There [was] no resolution [last] week with respect to the proposed legislation providing for a portion of carried interest to be taxed at ordinary income tax rates. The carried interest legislation was proposed in the tax extender's bill (H.R. 4213) passed by the House on May 28, 2010 (the "House bill"). The Senate has not been able to pass the House bill or any of the proposed amendments to the House bill. House leaders had planned to stay in session for votes today in case the Senate completed its work on the House bill. However, it was announced late yesterday that no further votes will be held, and the House members ha[d] the opportunity to return to their home districts for the weekend. A brief chronology of the recent Senate history of the carried interest legislation is set forth below.

History of the Extender's Bill in the Senate

On June 8, the Senate began debate on an amendment to the House Bill (S. Amdt. 4301). While the House Bill would tax 50 percent of carried interest at ordinary rates until Jan. 1, 2013 and then increase to 75 percent, the amendment would slightly reduce the percentages so that beginning Jan. 1, 2013, 35 percent of carried interest is taxed as capital gains while 65 percent is taxed at ordinary income rates. In addition, the Senate amendment would allow assets held for at least seven years to be taxed at a 45-55 percent split.

On June 9, key House Democrats expressed opposition to the Senate amendment to the House Bill, including the reduced tax increase on carried interest earnings.

On June 10, Senator John Thune (R-S.D.) introduced the Republicans' alternative amendment (S. Amdt. 4376) to the House bill then before the Senate. Thune's amendment would have replaced all of the tax increases in the current amendment with spending cuts or unspent stimulus dollars.

On June 10, Sens. Olympia Snowe (R-Maine) and Mike Enzi (R-Wyo.) introduced an amendment (S. Amdt. 4342) that would strip new, tighter tax rules on Subchapter S corporations from the amendment to the House bill.

On June 14, Senate Majority Leader Harry Reid (D-Nev.) filed a motion to invoke cloture on the House bill in an effort to complete the Senate's version of the legislation by the end of the week. Cloture is the only procedure by which the Senate can vote to place a time limit on consideration of a bill or other matter, and thereby overcome any attempt to block or delay Senate action on a bill or other matter by debating it at length, by offering numerous procedural motions, or by any other delaying or obstructive actions.

On June 15, Senate Democratic leaders were still short of the 60 votes needed to invoke cloture on the House bill.

On June 16, Senate Finance Committee Chairman Max Baucus (D-Mont.) introduced a new substitute amendment (S. Amdt. 4369) that would tax 75 percent of carried interest income at ordinary tax rates (the same level as provided in the House bill). However, this substitute amendment would only impose ordinary tax rates on 50 percent of the carried interest from investments held for more than five years.

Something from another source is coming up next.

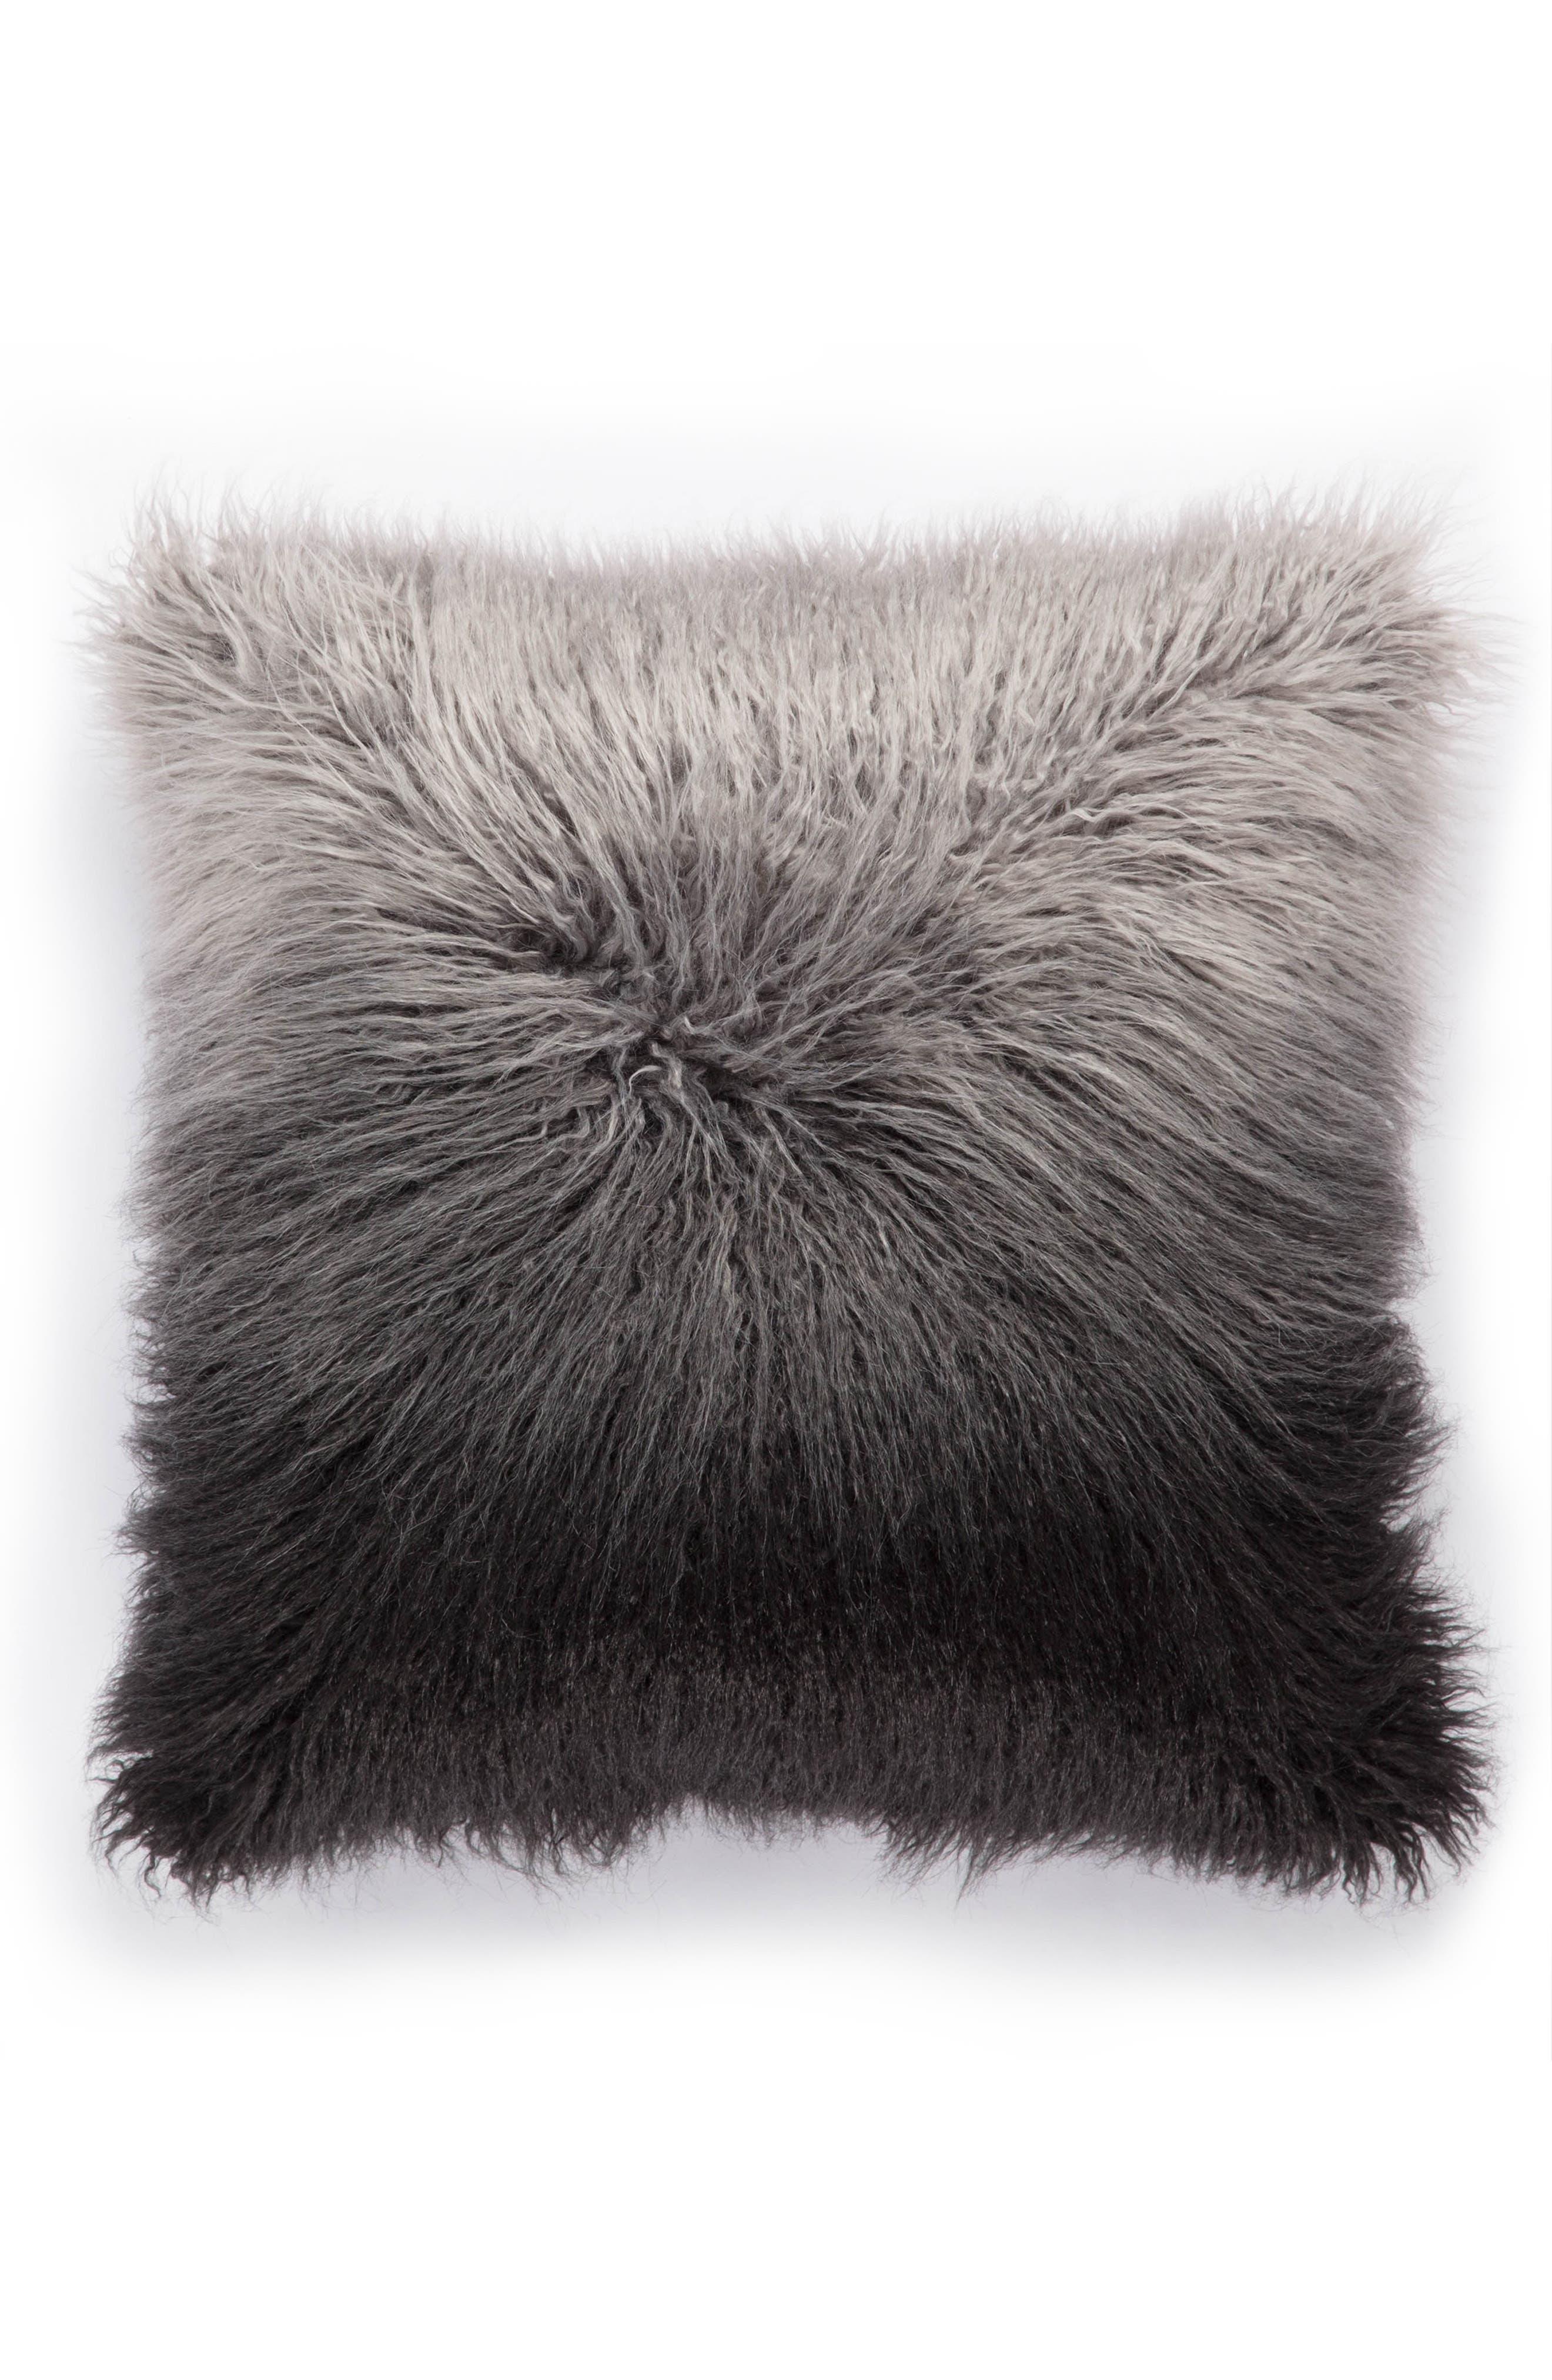 Alternate Image 1 Selected - Jaipur Mahal Faux Fur Accent Pillow

The Baucus amendment also scaled back on tax increases on principals of Subchapter S corporations.

On June 16, Sen. Thune's amendment to the House bill was withdrawn after it garnered only 41 of the 60 votes needed to overcome procedural hurdles in the Senate.

On June 16, Sen. Reid filed a motion to invoke cloture on the Baucus substitute amendment, setting up a possible cloture vote for June 18.

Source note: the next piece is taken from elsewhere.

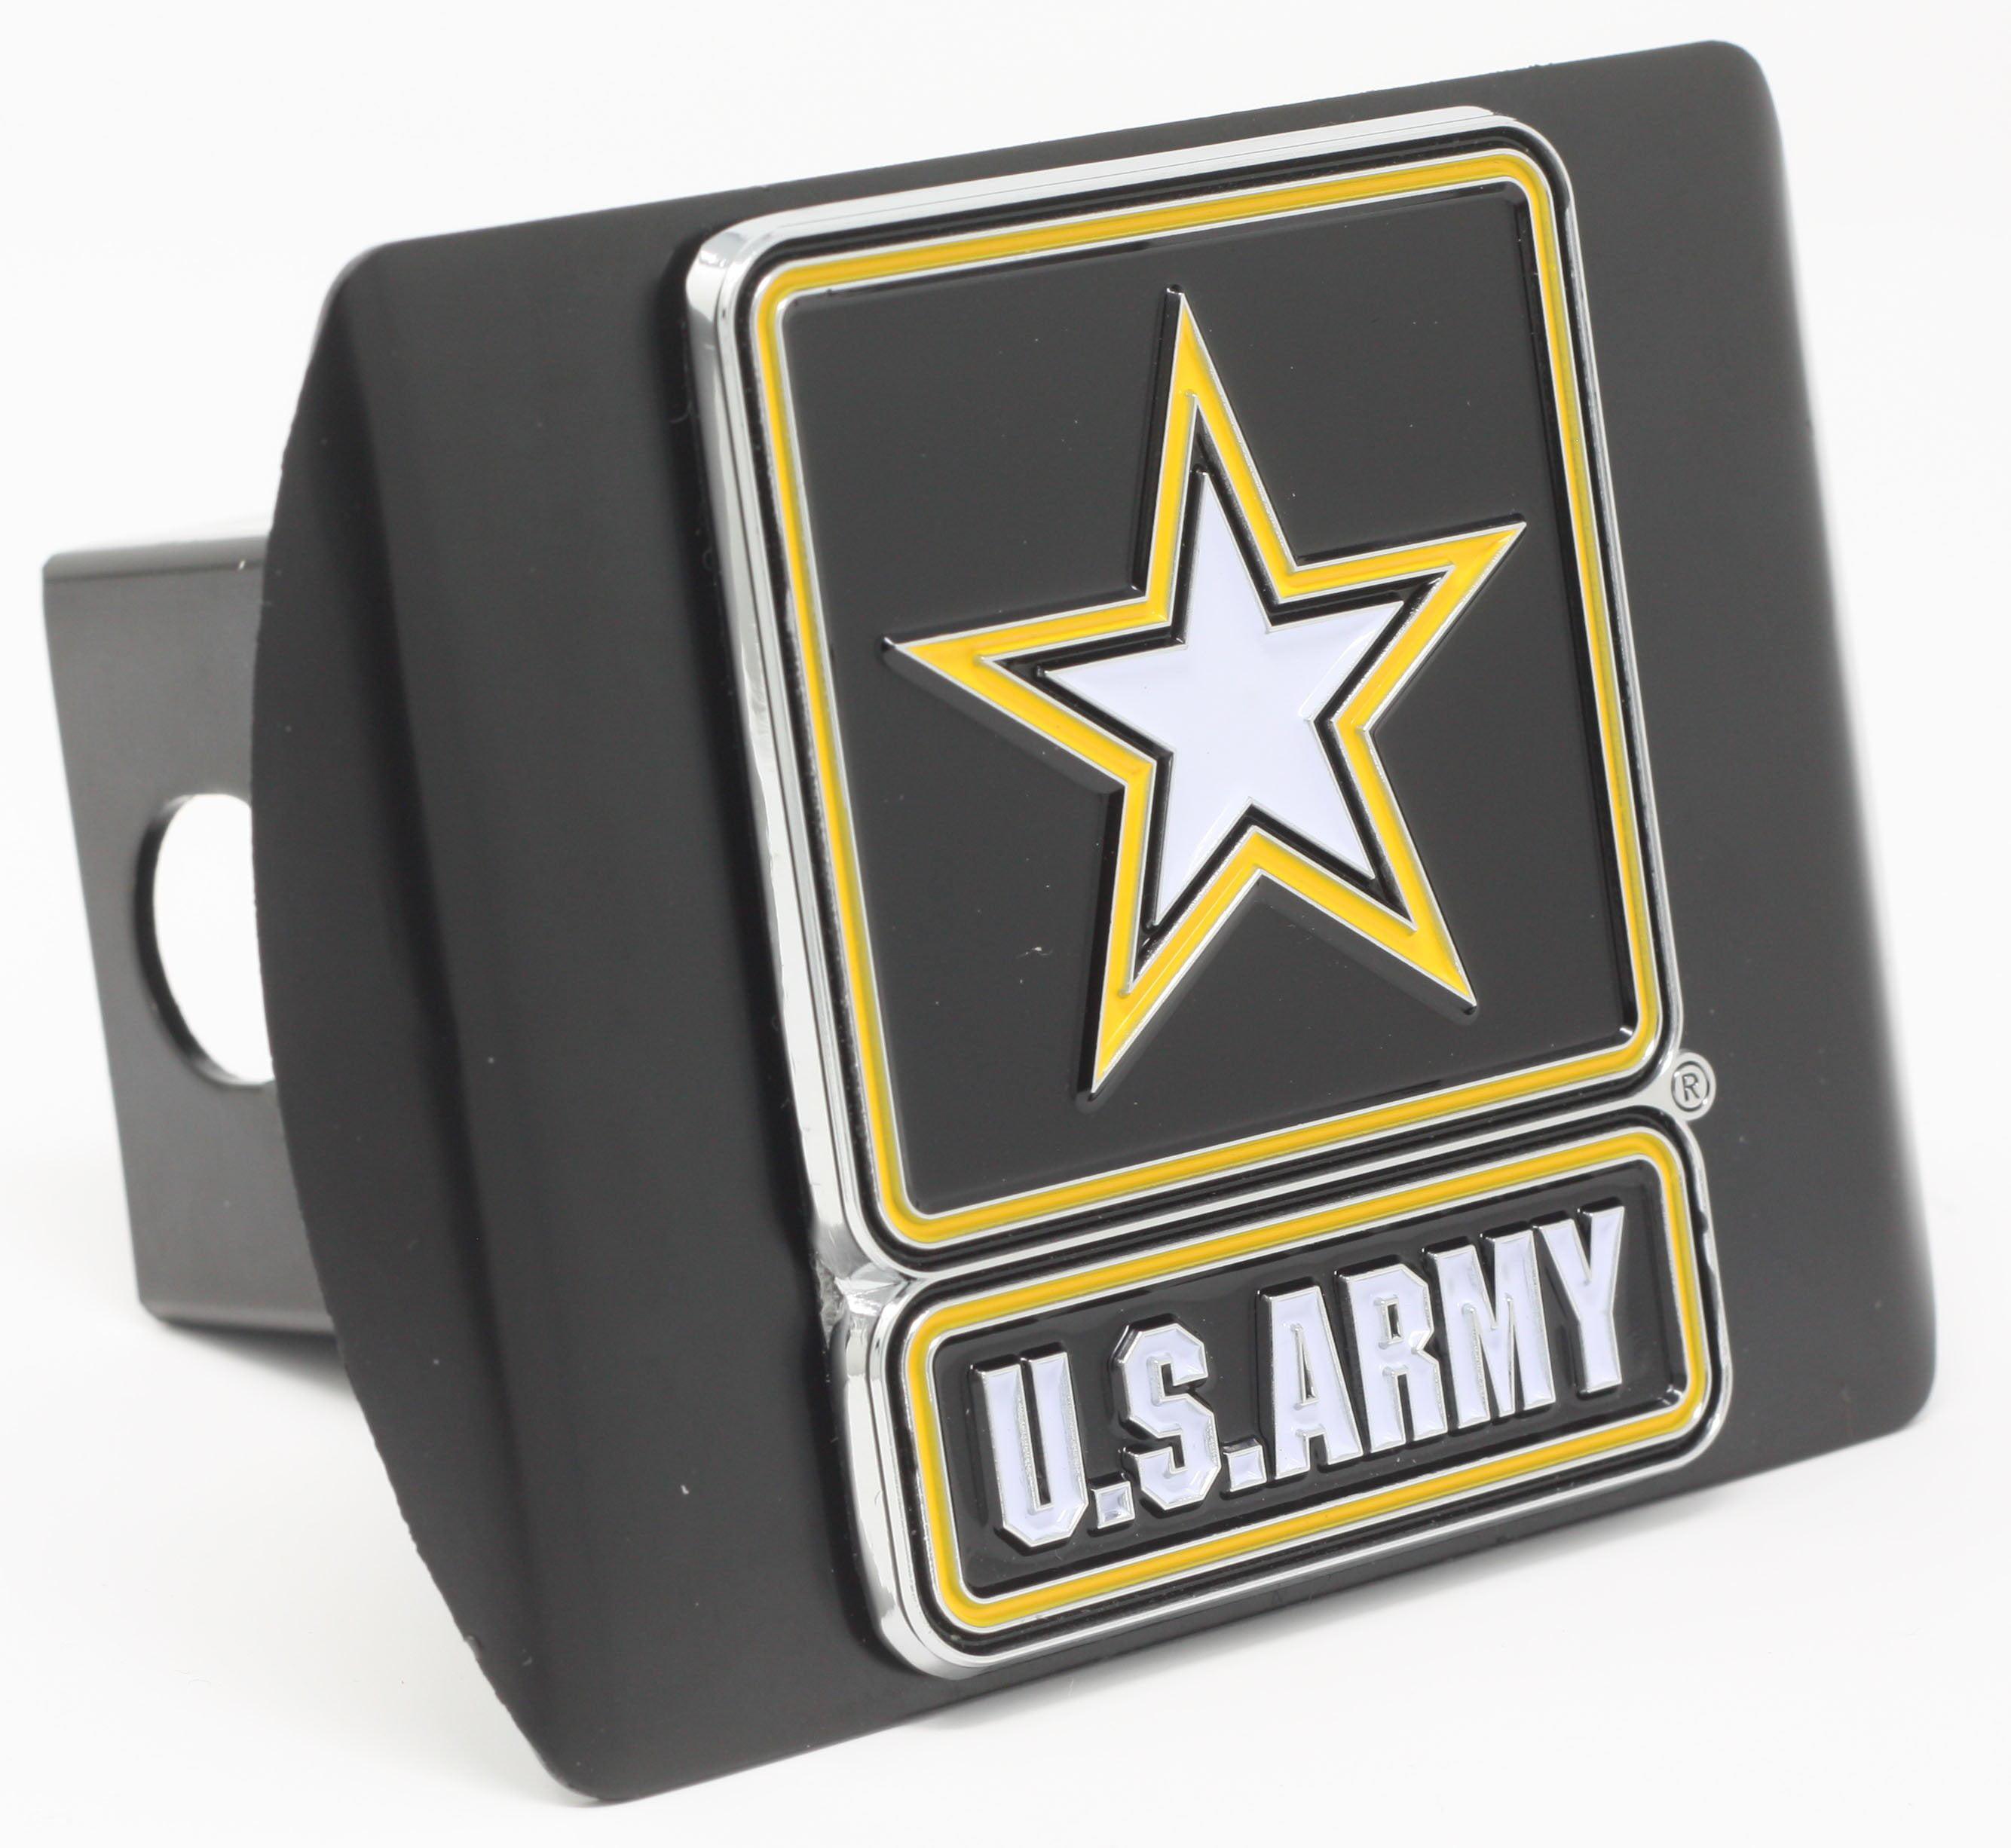 "U.S. Army Color Metal Hitch Black 3.4""x4"""

On June 17, an impromptu cloture vote on the Baucus substitute amendment revealed that Democrats remain four votes short of the 60 that are needed.

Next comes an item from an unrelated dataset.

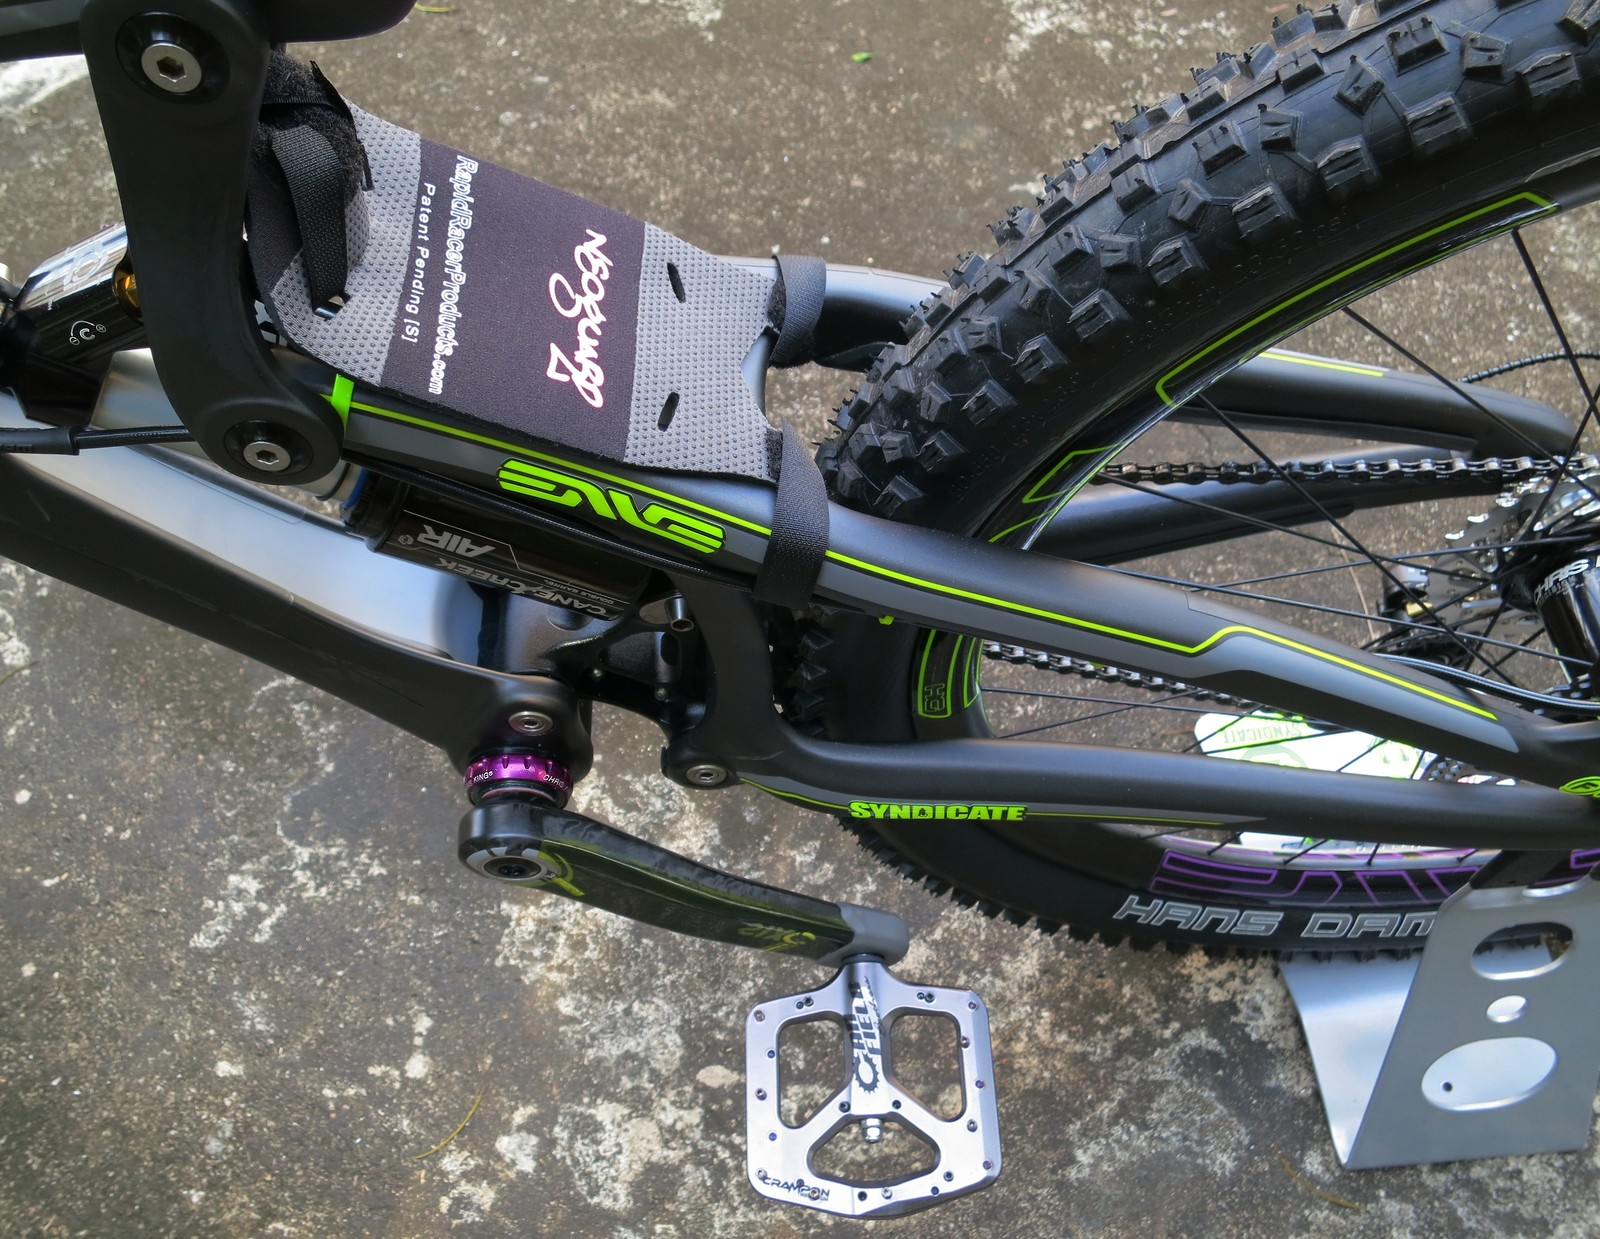 Santa Cruz V10 5 Carbon Bigjohnmtb S Bike Check Vital Mtb

Baucus has said the carried interest provisions in his amendments are still in need of a technical change that would make it clear that the founders of partnerships will pay taxes at ordinary income tax rates on 50 percent of the proceeds they get from sales of their shares of the firm, addressing a concern with respect to the taxation of enterprise value (the increase in the value of a business's stock as a result of the returns from the owners' years of building the company).

The material in this publication is based on laws, court decisions, administrative rulings, and congressional materials, and should not be construed as legal advice or legal opinions on specific facts. The information in this publication is not intended to create, and the transmission and receipt of it does not constitute, a lawyer-client relationship. Internal Revenue Service rules require that we advise you that the tax advice, if any, contained in this publication was not intended or written to be used by you, and cannot be used by you, for the purposes of (i) avoiding penalties under the Internal Revenue Code or (ii) promoting, marketing or recommending to another party any transaction or matter addressed herein.